Example of Python code to read these files:
import scipy.io
mat = scipy.io.loadmat('0001.mat')
mat
Will show for example:
{ ...,
'marks': array([[204.70093114, 464.21673609], [192.17654987, 296.78326391], [177.98198971, 131.39634893], [170.97782406, 54.8974516]]),
'slots': array([[ 1, 2, 1, 90], [ 2, 3, 1, 90]], dtype=uint8)
}
In this example, there is 4 marks but only two valid parking slot entries of type clockwise perpendicular.
- A first deep region convolutional network (R-DCNN) for making a regression.
- The R-DCNN is the one given by Yolo R-DCNN (not described in the paper) but tuned for detecting parking vertices. The file is given at DeepPSMatForPaper/yolo-obj.cfg.
- Yolo is a general real-time object recognition algorithm that predict a class of an object and the bounding box specifying object location.
- For the parking vertices detection, it takes as input the bird's eye view and list of bounding box holding the interesting parking slots to detect. It return vertices of the entry slot with a confidence value.
- Python code: crop.py
- From a pair of vertices (ie P1 and P2 in the picture of the previous figure) if their distance is sufficient to be considered as a parking entry then a bounding rectangle holding these is the image is then cropped.
- The algorithm is not well described but easy to make with OpenCV and I gave in this file
- P1 and P2 define a segment line.
- We compute the 1st normal scaled N of this line:
N = (-dy, dx) * scale / length
where :dx = P2.x - P1.x
dy = P2.y - P2.y
- length = is the magnitude
- and scale is a desired margin value.
- We obtain new vertices of rectangle: [P1 - N, P1 + N, P2 + N, P2 - N]
- From the segment line (P1, P1 + N) we compute the 2nd scaled normal M and we obtained the final bounding rectangle: [P1 - N + M, P1 + N + M, P2 + N - M, P2 - N - M]
- This rectangle is oriented. We can compute the transformation matrix thanks to OpenCV functions:
- getPerspectiveTransform() and warpPerspective() functions.
- where the source points are our rectangle and the destination points is the new image size (h, w) = (48, 192) for example.
From the cropped picture, we want to determine the type of parking slot:
- parallel: clockwise or counterclockwise (ie pics (b), (e))
- perpendicular: clockwise or counterclockwise (ie pics (b), (e))
- diagonal form: clockwise or counterclockwise (ie pics (c), (d), (f), (g))
- invalid (h).
The Pattern classification is a second deep convolutional network to make supervised classification and its pipeline is described by the following figure. At the end of the document I give a try to implement this network with Keras (a wrapper on TensorFlow since the API is simple).

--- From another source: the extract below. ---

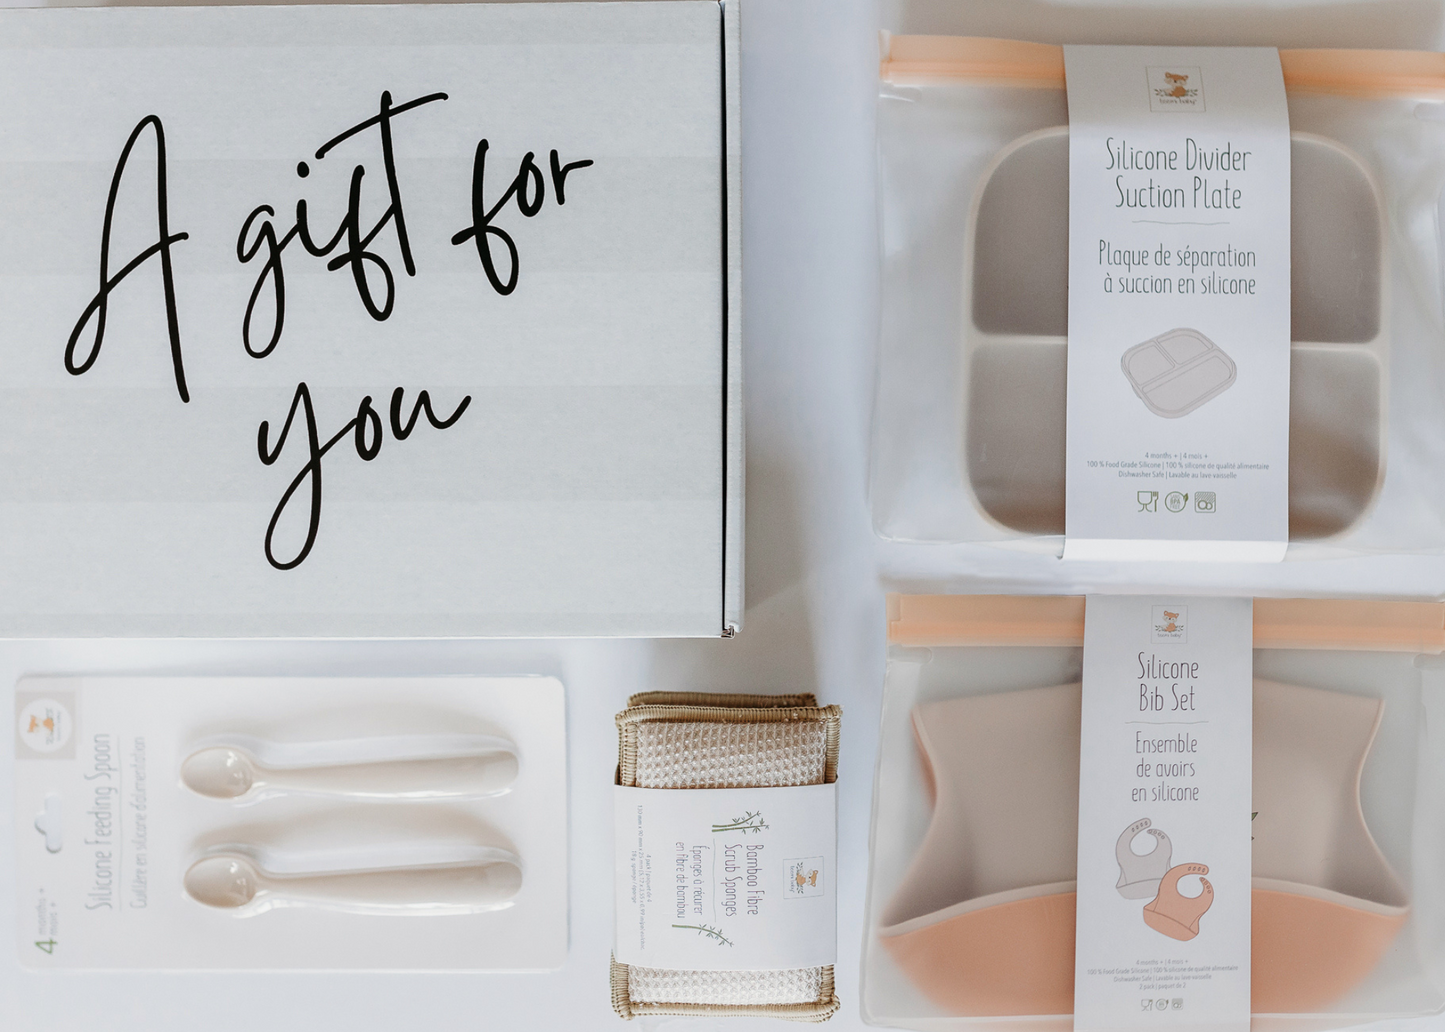 Meal Time Gift Sets

- It takes as input the cropped image and return a label along the 7 parking types:
- parallel: clockwise or counterclockwise
- perpendicular: clockwise or counterclockwise
- diagonal form: clockwise or counterclockwise
- invalid.
- It is made in Cafee and given in DeepPSMatForPaper/deploy.prototxt and called by DeepPSMatForPaper/parkingslot_detector.m
- From the parking type, its angle (ie 45°, -90° ...), its length and the two vertices (P1 and P2) we can obtain the 4 vertices (P3, P4).
- We simply use a the rotation matrix 2x2 (cos sin; -sin cos) times the parking normalized width times the parking length.
- With these 4 vertices we can for example draw the rectangle in the image.
angle = radians(90°)
R = [cos(angle) sin(angle); -sin(angle) cos(angle)]
width = P1P2 / norm(P1P2)
P3 = R * width * length + P2
P4 = R * width * length + P1
Disclaimer: this is my first deep learning code. This a noob code and for the moment I did not add time to add all plots (history, loss, accuracy, confusion matrix, negative results ...) so do not trust this code!
Since parking slot of type 1 (perpendicular) is majority compared to type 2 and type 3 (diagonal) instead of creating new pictures, I simply reduced the number of pictures for type 1.
In this git repo I added my home made dataset (800 Ko) and the Python3 code of the DCNN for the classification. A csv file is generated with expected and estimated labels (1 or 2 or 3)
Notes:
- Adapt my paths to your system.
- If needed, remove comments to run the code # crop_all (to be done once) to generate input pictures from the official datasets of the original authors (DeepPS.zip ~2.4 Go).
- The training is very fast (less than 1 minute).
- The database of parking slots is reduced ~30000 pictures and this cannot be used for production.
- Some parking slots is more present than other (ie perpendicular vs. diagonals). So we have to complete the training by "creating" (to be defined) missing pictures or complete with real pictures. In my case, because I wanted to test quickly the algorithm, I reduced the quantity of pics on over represented parking slots to have similar quantities for kind of parkings.
- The second DCNN (parking classification) uses plenty of hyper-parameters. Are they really useful ? In my quick implementation I did not add them. I really think this kind of classification should be similar to MNIST but instead of recognizing 10 handwritten digits we have to recognize 3 characters (T, L and V) which are the shape of parking slots.
- They are using two DCNNs, would one have been probably sufficient ? Since the 1st DCNN find marks why not simply have expended it to estimate the 4 vertices and the angle (for example having add 4 vertices in the mat files) ?
- I'm a beginner in DCNN but I think its not possible to mix a regression and classification inside a single network. A classification is a regression in where the last layer is ended by a softmax function to return a probability on the label (parking type) and while from the angle, we can determine the parking type, I think its easier to manipulate information such as "this parking has 90% of chance to be a parallel slot" rather than this "parking angle is 89°".
- For the idea of 4 corners, somebody made another database: https://github.com/marquistj13/label_tj_parkingslot_2_0 but I did not dive inside.
- Even in this paper, the most difficult part is to find parking slot corners. Finding the type of parking is then easy.